The ability to study samples at lower concentrations also has been put to use in the study of natural products. Other than the proton, the nuclei that NMR can "see"--in particular, 13C and 15N--are not abundant in nature, and researchers studying natural molecules often artificially enhance their samples, a procedure that can take months to complete. CryoProbes eliminate the enrichment step: "People can literally start taking samples of compounds out of nature and put them into the NMR without having to go through four to six months of chemistry," says Chaykovsky.

Bruker NMR also offers MicroCryo Probes for 3 mm sample tubes. Traditionally, NMR samples are placed in 5 mm tubes, with a high solvent-to-sample ratio. With the increased sensitivity offered by accessories such as the CryoProbes, researchers have noticed more solvent impurities in their spectra. The 3 mm tubes and MicroCryoProbes allow spectroscopists to study mass-limited samples, such as natural products and metabolites, in less solvent.

A flat-coil probe from Doty Scientific

Happy Hyphenation

For those seeking complete integration of analytical techniques, Bruker offers a combined LC-NMR-MSn system. The system features Bruker NMR Avance NMR technology, the Bruker Daltonics esquire3000 Ion Trap Mass Spectrometer (MS), and industry-standard HPLC. By combining mass spectrometry, a highly sensitive technique, with the less-sensitive NMR, the LC-NMR-MSn system helps to streamline the drug discovery process.

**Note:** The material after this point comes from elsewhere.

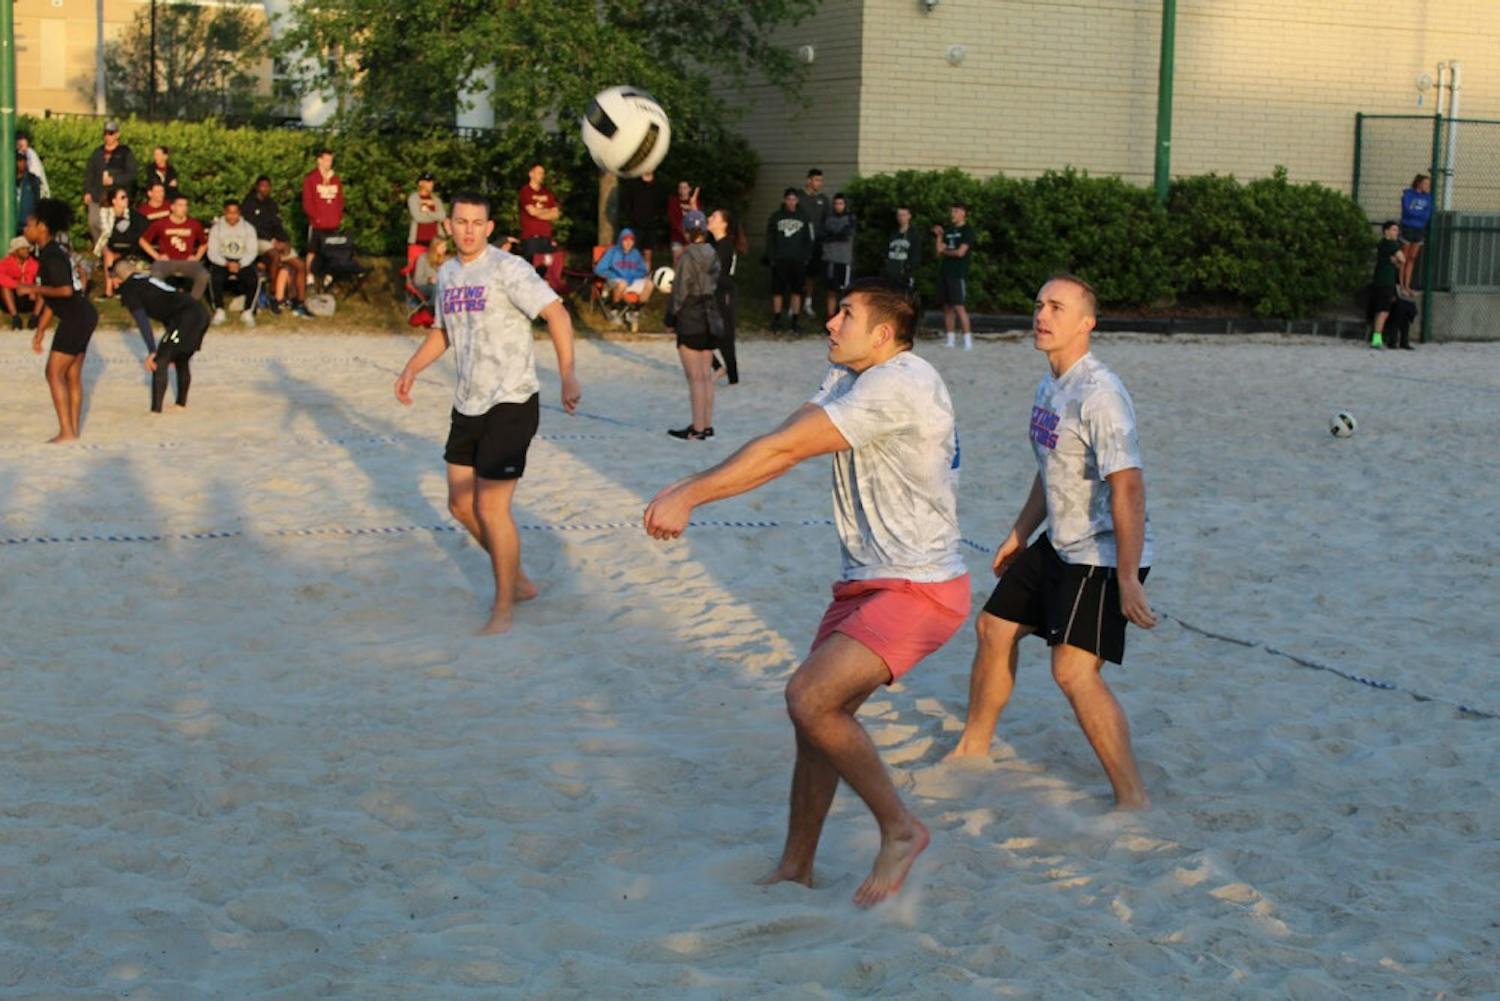 Air Force ROTC cadets from UF play beach volleyball at an annual competition called Lime Cup, which was held at University of Central Florida this year.

Because acquisition times for NMR can run as long as 24 hours, isolating the correct molecule for analysis is crucial. With LC-NMR-MSn, researchers can inject the sample, identify a target by its molecular weight, isolate it, and analyze it directly by NMR. Samples injected into the system are tracked by computer, eliminating the ambiguity that can arise when a sample is sent to three separate instruments for analysis: "Part of the problem with doing research [on mixtures], when you send the sample to the NMR group, then the LC group, then the mass spec group, you want to make sure that everyone is looking at the same compound when comparing data. With our design ... you know all of the spectra are of the same compound in the separation," says Chaykovsky.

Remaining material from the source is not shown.